Viewpoint: Physicians should complete competency assessments as they age

Given the crucial nature of their work, Sandeep Jauhar, MD, PhD, believes physicians should undergo periodic competency assessments after age 65. 

In a Nov. 28 opinion piece for The New York Times, Dr. Jauhar, a cardiologist at New Hyde Park, N.Y.-based Northwell Health, contends that while a mandatory retirement age would be "crude and unfair," mandating periodic competency assessments every two or three years for older physicians could be a good approach to prevent those who may be developing significant cognitive impairment from making critical decisions about patient care. 

Such assessments would have to be developed thoughtfully, using tests "validated and vetted for transparency and fairness." Additionally, results would have to take into account the individual physician's specialty. Dr. Jauhar gives the example of how the visual acuity and stamina required for complex surgery is different from that needed for office-based practice. 

If results were to indicate significant impairment, transitional strategies such as cutting back on workload or not performing invasive procedures should be considered before mandating retirement, he said.

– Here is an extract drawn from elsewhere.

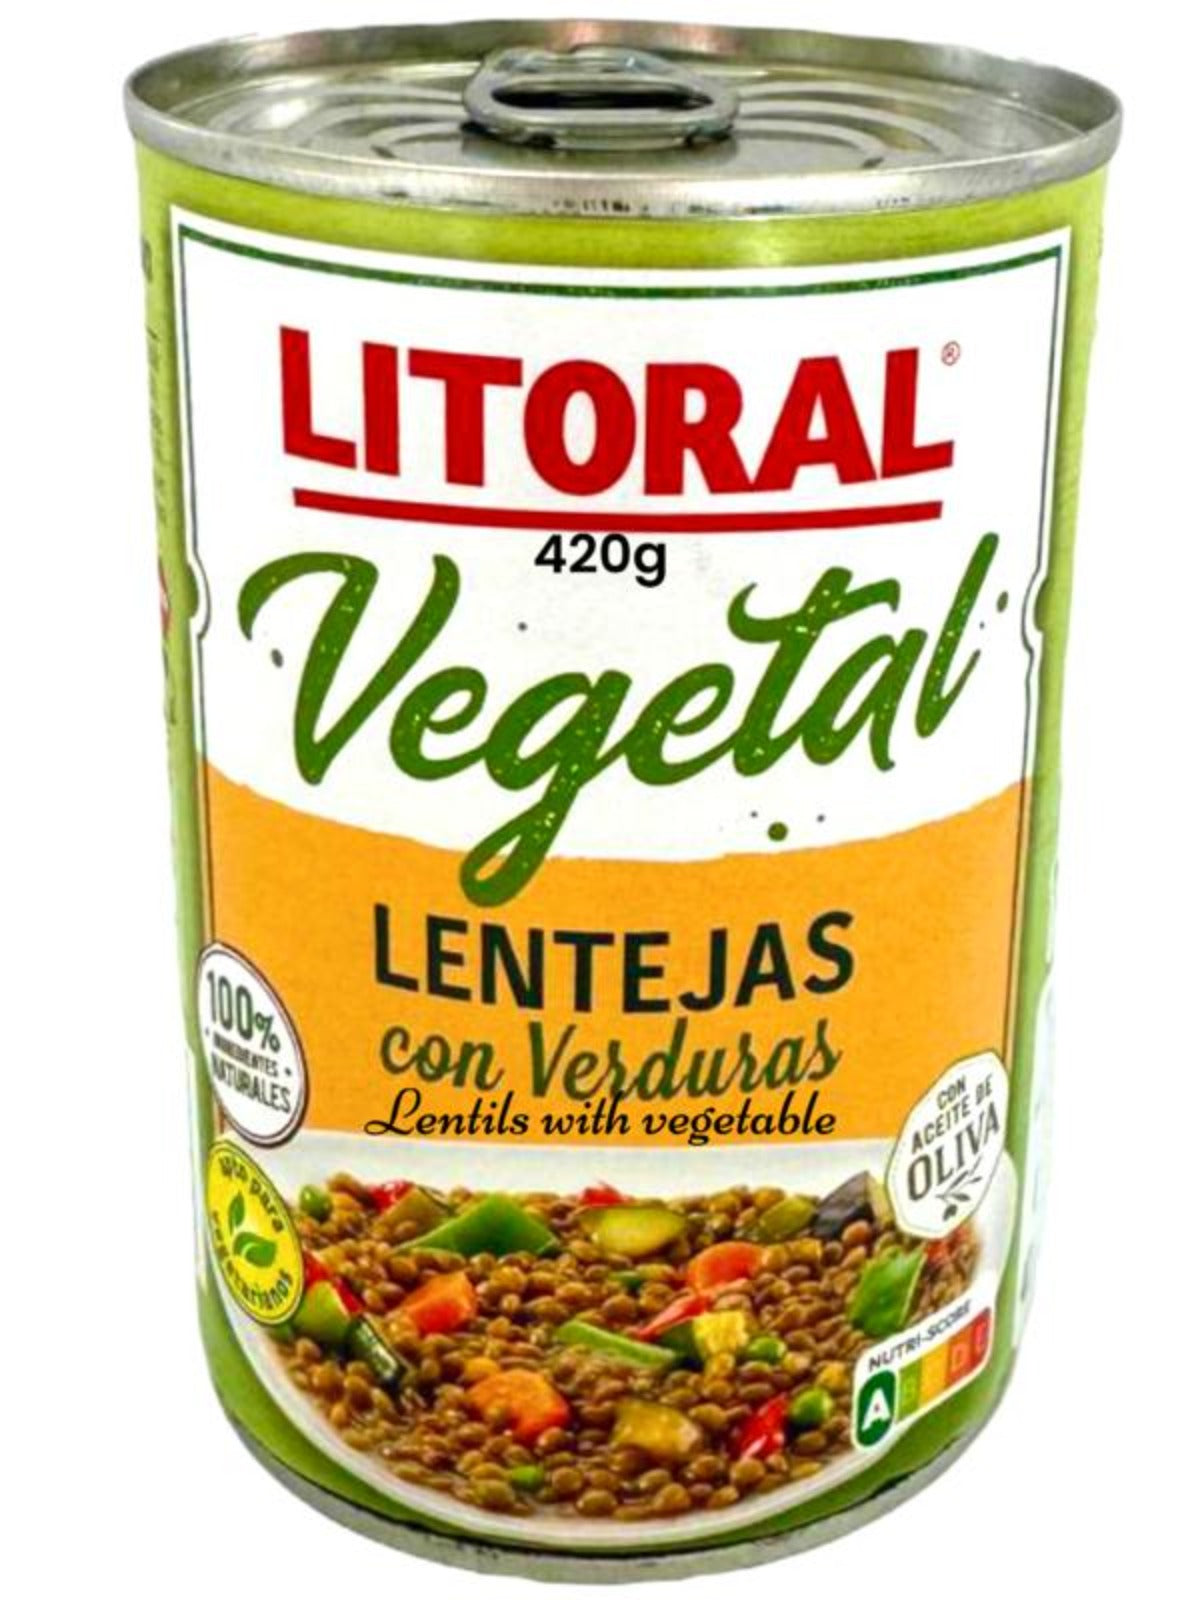 Litoral Vegetal Lentejas con Verduras Lentils with Vegetables 420g

Dr. Jauhar also acknowledged that "youth, in turn, is no guarantee of competency," but maintained that periodic age-based screening makes the most sense since younger physicians must already pass periodic certification exams in their specialty. 

"Aging inevitably brings physical and mental decline, which can affect physician performance and put patients at risk," Dr. Jauhar wrote. "Air traffic controllers are required to retire at age 56, and airline pilots must stop flying commercial flights at 65. Doctors face no such restrictions, even though their decisions are also crucial for people's lives."